Juniors – what about them?
The answer is uncomfortable but honest: a significant part of junior work today is performed by AI. This affects employment levels not only in professional services, but in the entire white collar sector. Does this mean layoffs for juniors or is their work unnecessary?
My answer: not layoffs, but reassignment – provided the company can retrain. Junior, who understands the process from the substantive side, knows the company from the inside. This makes it a natural bridge between an external AI implementer and a specific company – knowledge of internal processes combined with practical knowledge of AI is a priceless competence today. Why fire someone who was involved in research when you can involve him in the development and supervision of dedicated tools? These are new roles that did not exist five years ago.
A trap the industry hasn't seen yet
If AI does not massively replace white collars in the near future – and everything indicates that it will not fully replace them, because many expert tasks require assessment, context, and responsibility – a seemingly prosaic question arises: where to find future seniors and management?
An expert is not born an expert. An experienced specialist with fifteen years of experience started with painstaking research and hours spent on analyses. These “boring” years built intuition and gave exposure to hundreds of different facts. A junior who never had to manually analyze dozens of cases because an agent did it for him will not develop the same intuition – not because he is worse, but because he didn't have the opportunity.
The pool of seniors will naturally begin to shrink. If the market's response is “we will buy from the competition”, then in 7-10 years it will turn out that there is no one to buy. Companies that today radically cut younger ranks will tomorrow fight for seniors at prices that will eat up savings from layoffs.
It's worth asking the question directly: what is simpler? Slow down, save money, show the shareholder a better quarter?

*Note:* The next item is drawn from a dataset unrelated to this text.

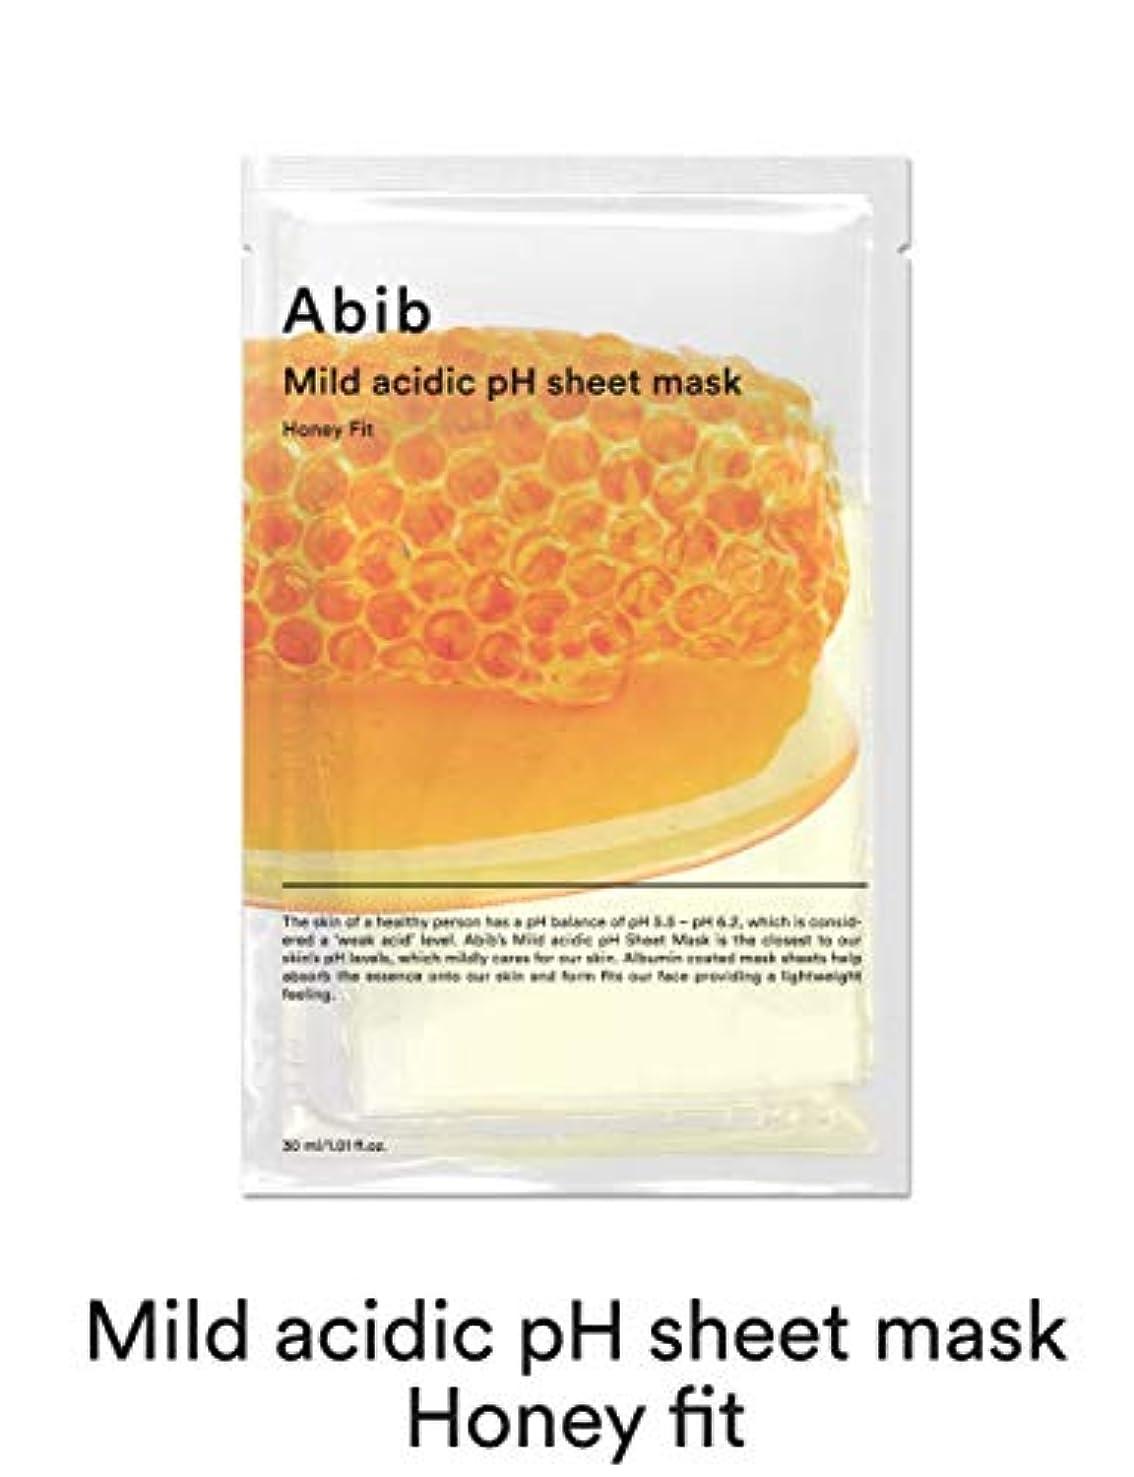 バイナリハイキングに行くツール[Abib] アビブ弱酸性pHシートマスクハニーフィット 30mlx10枚 / ABIB MILD ACIDIC pH SHEET MASK HONEY FIT 30mlx10EA [並行輸入品]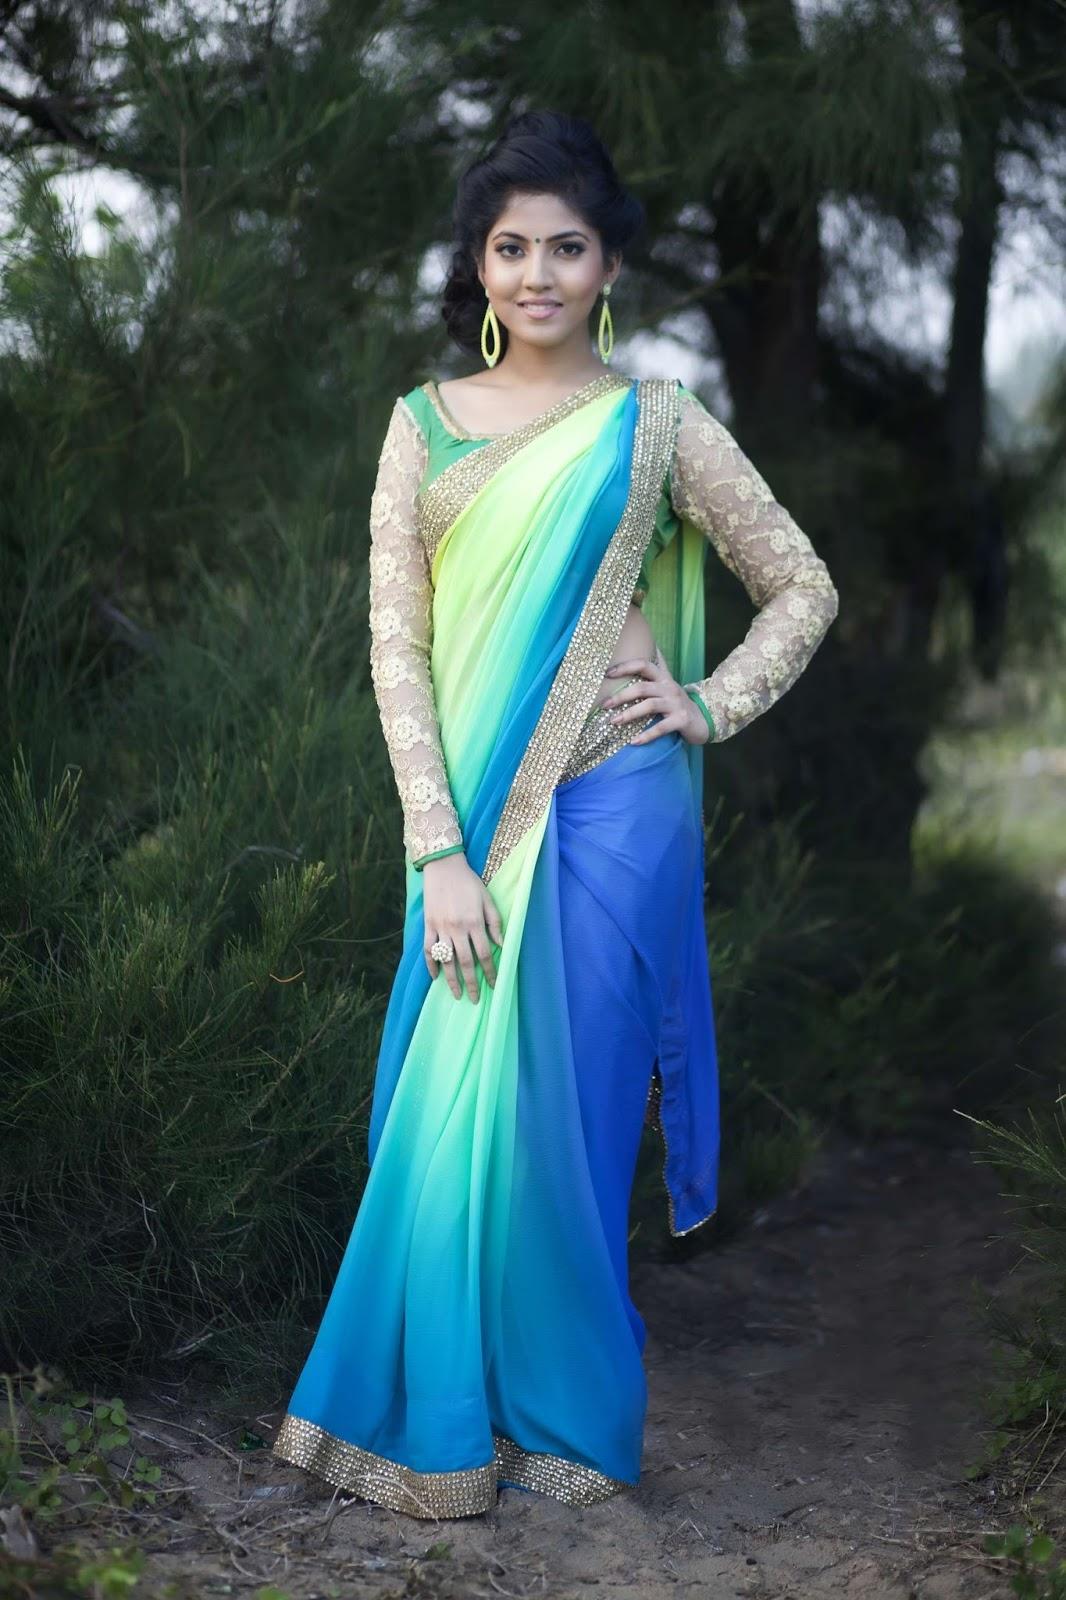 Anaswara kumar saree photos

Whether to fight for the employee and retrain himcreate a competence in the company that did not exist a year ago – and explain it to shareholders from Frankfurt or New York who expect a return here and now? The answer seems obvious. And that's why global corporations choose the first path.
And this may be a unique opportunity for Polish companies. Polish business – the one without a foreign shareholder pressing for quarterly results – has a structural advantage in this game: greater freedom to invest in people that global corporations are currently putting on the market. The most talented people, who until recently were impossible to buy, are now looking for a place where their substantive competences and newly acquired efficiency in working with AI will be truly valued. This window opened for maybe three, maybe five years. Whoever uses them will build an advantage for the next decade.
What does this mean?
Three years ago it was possible to observe. Today, observers have already lost – they just don't know it yet. One question left: cWhether your company is on the side of those who are building an advantage for the next decade – or on the side of those who are saving on layoffs and will show shareholders a good quarter. The answer to this question will not depend on the management. It will be decided on Monday morning, when someone decides whether to send the junior's CV to the trash or offer him a new role.